- [Information provided]:
"""

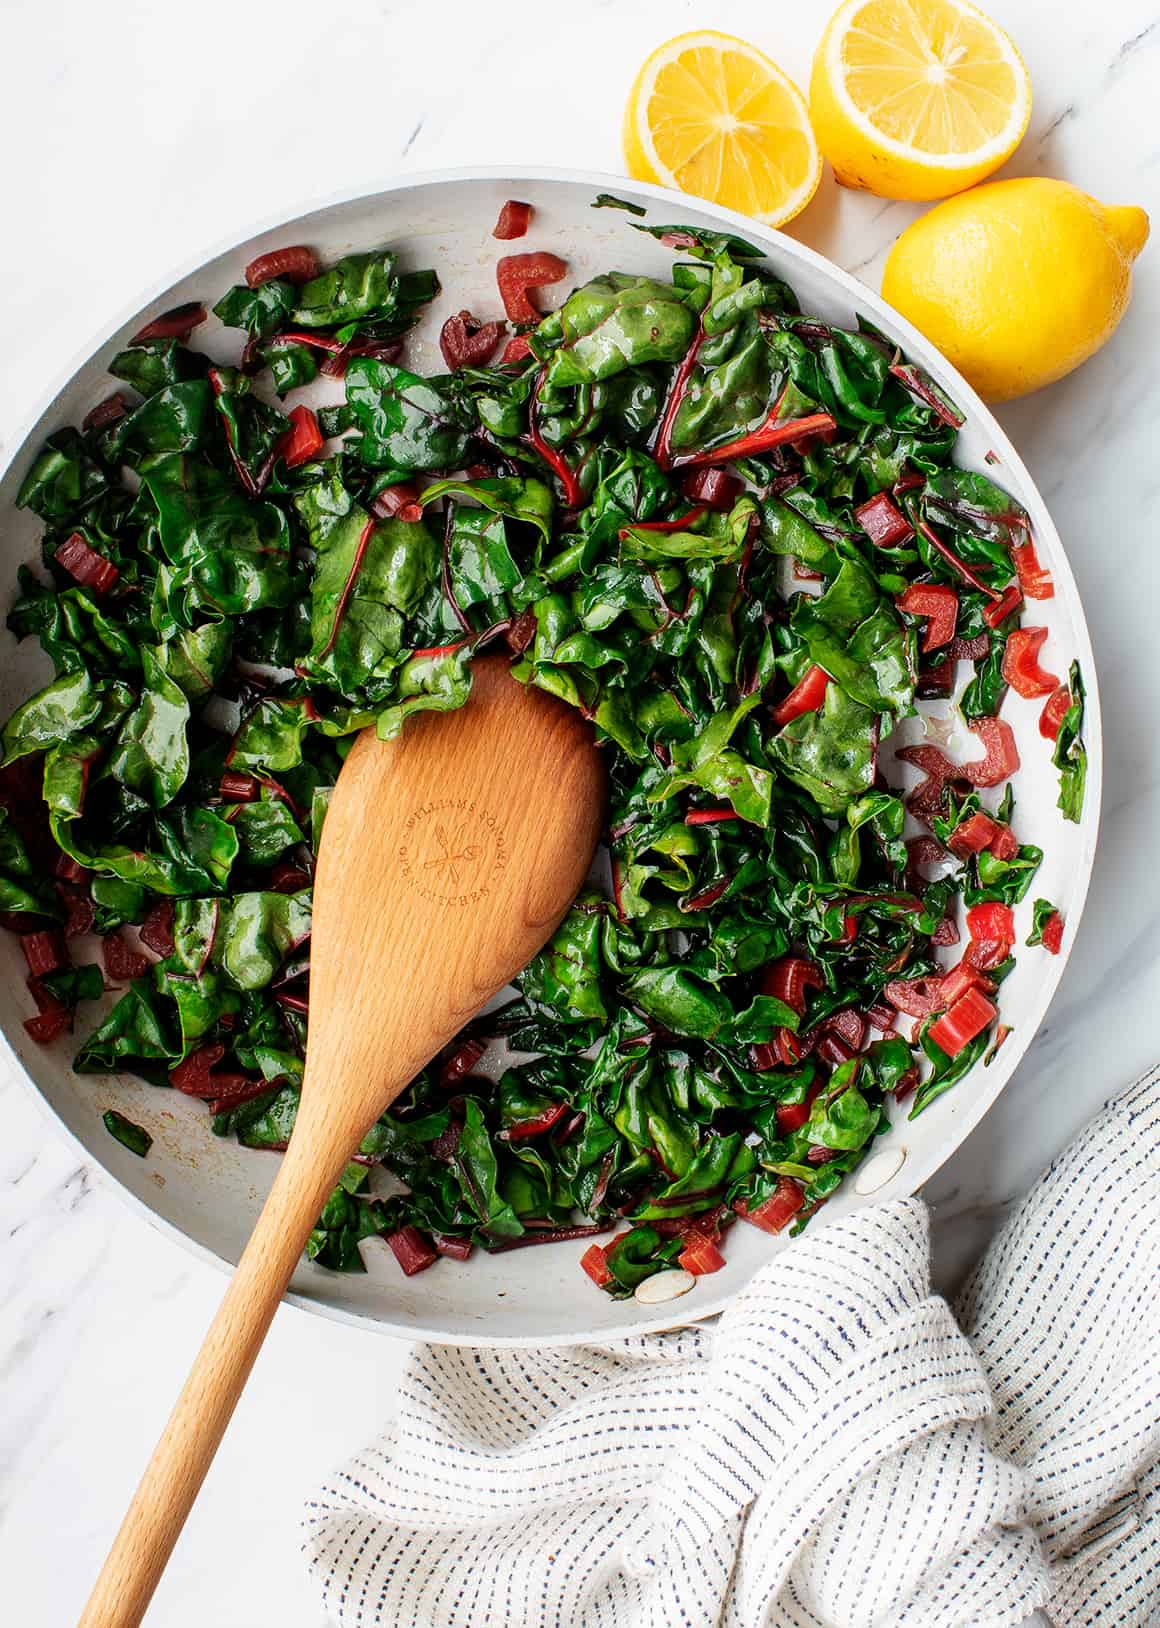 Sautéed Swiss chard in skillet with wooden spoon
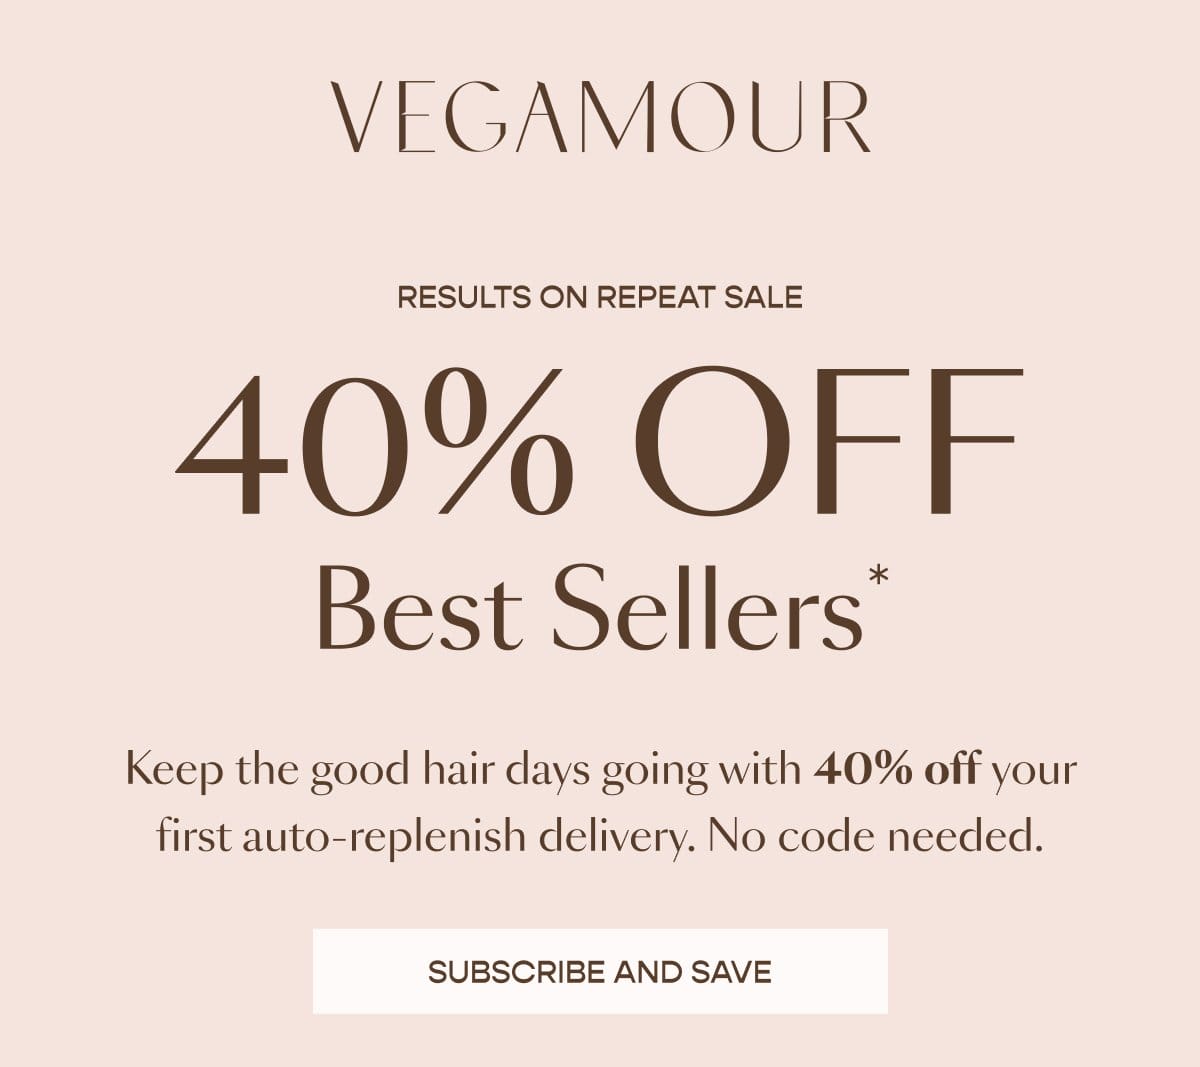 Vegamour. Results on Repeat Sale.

"""
"""

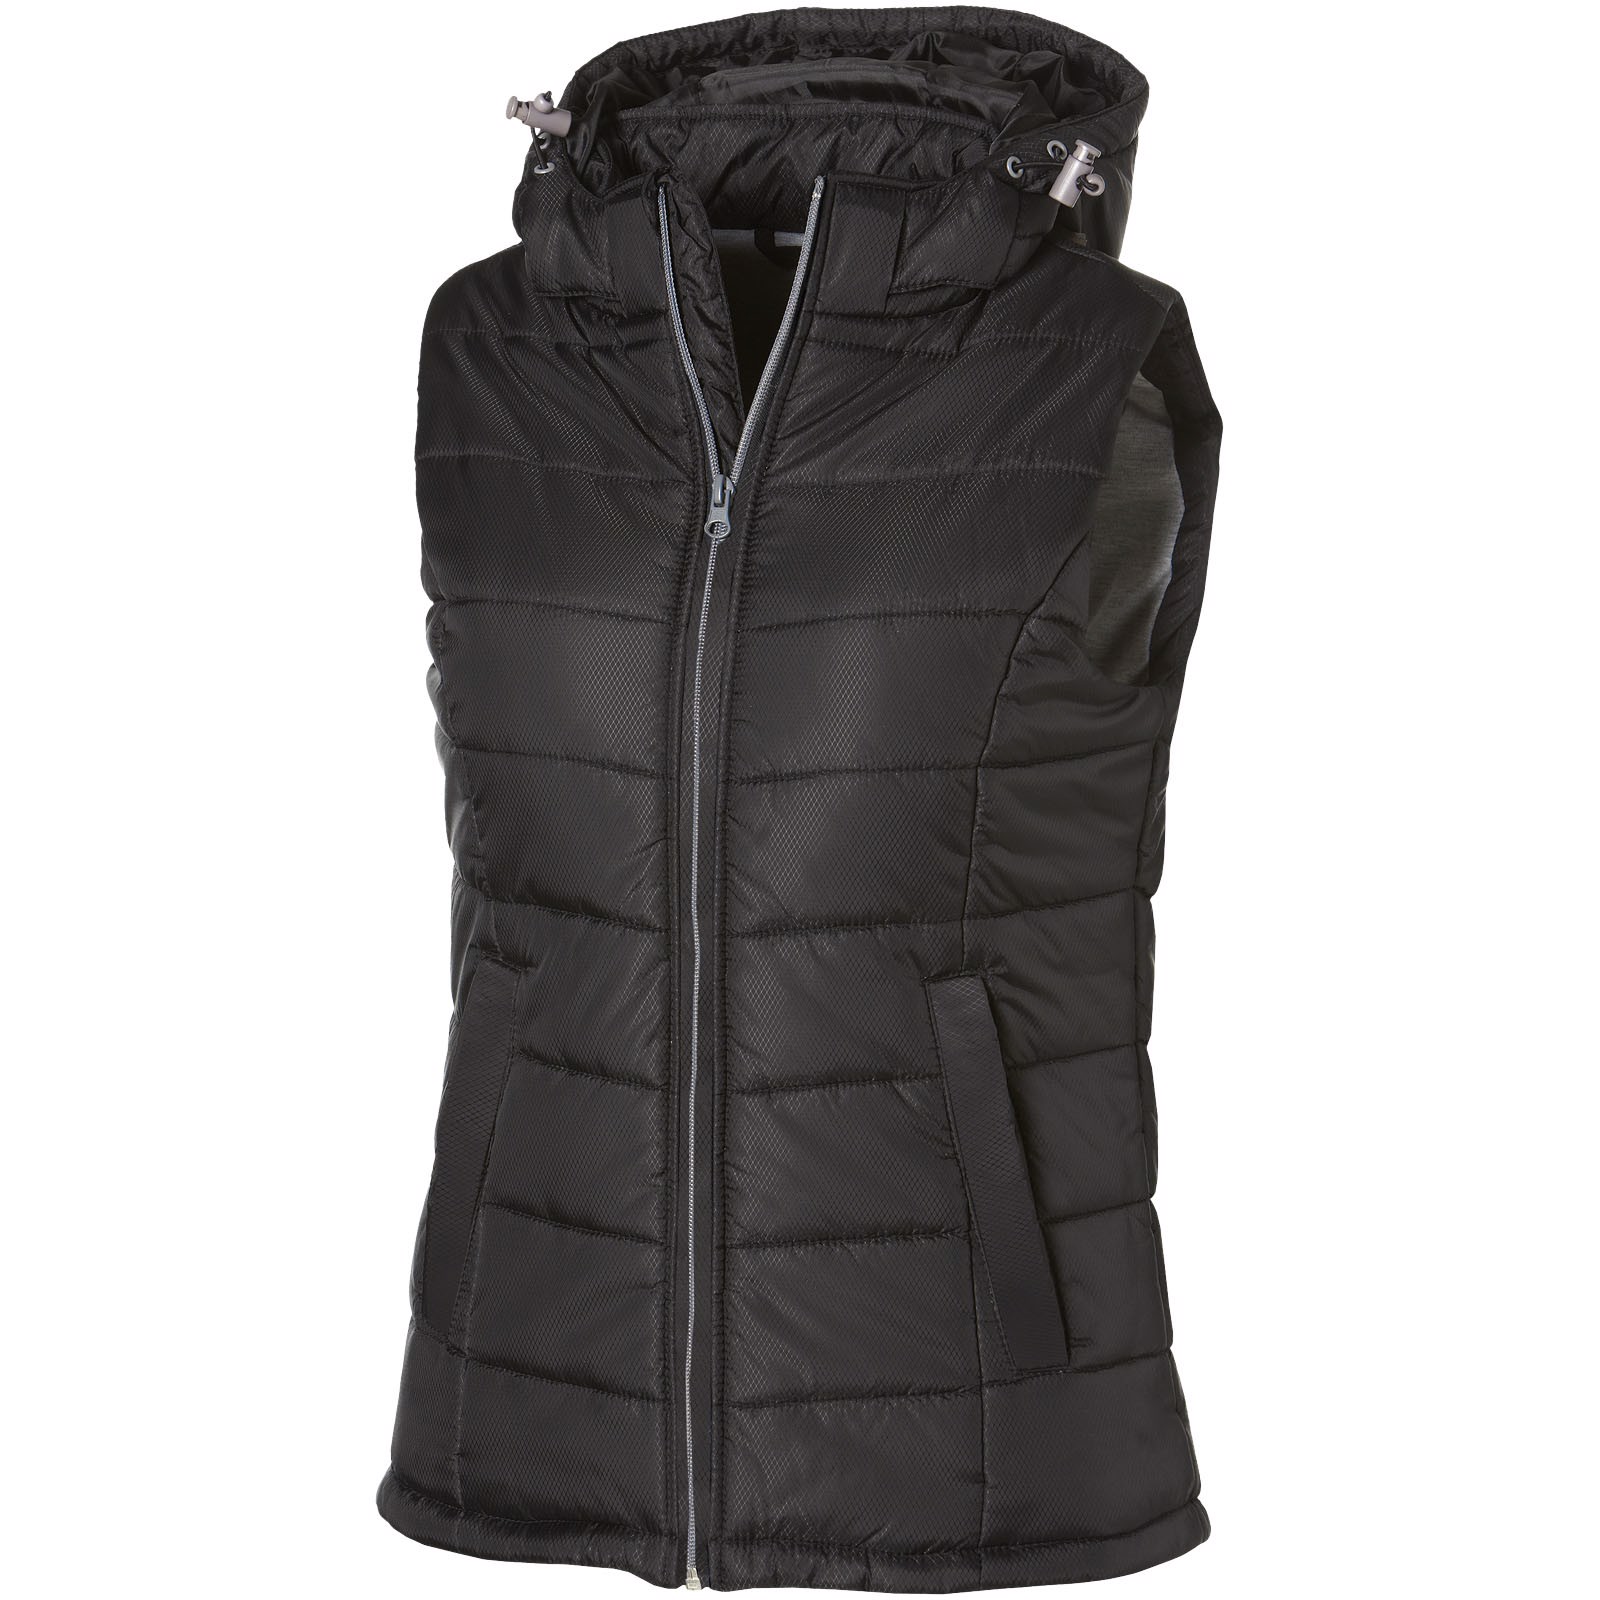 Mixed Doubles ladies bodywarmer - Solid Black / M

"""
"""

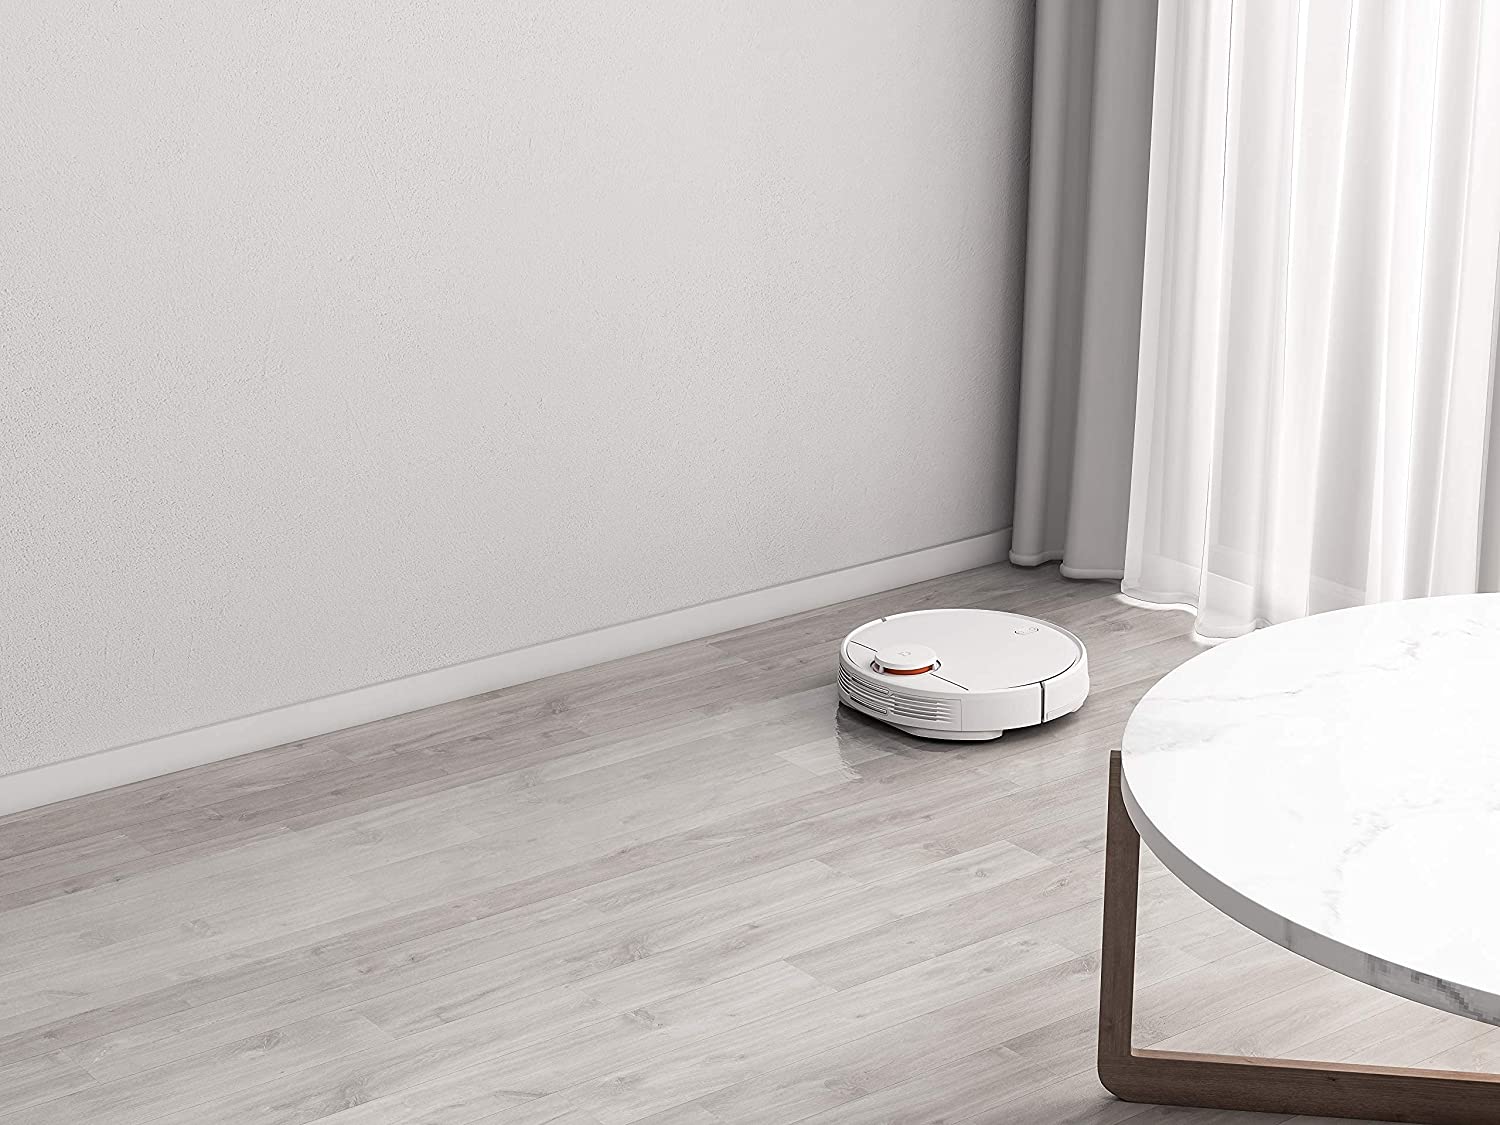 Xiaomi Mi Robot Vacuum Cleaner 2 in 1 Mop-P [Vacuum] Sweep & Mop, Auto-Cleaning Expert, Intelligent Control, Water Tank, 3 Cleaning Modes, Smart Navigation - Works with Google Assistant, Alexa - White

"""

- [What is being asked]: Quote the data above exactly from the line with "Sautéed Swiss chard" to the line with "Vegamour. Results on Repeat Sale.", both ends counted, and nothing else. Pictures don't go in.

- [Result of the task]:
 Sautéed Swiss chard in skillet with wooden spoon
 Vegamour. Results on Repeat Sale.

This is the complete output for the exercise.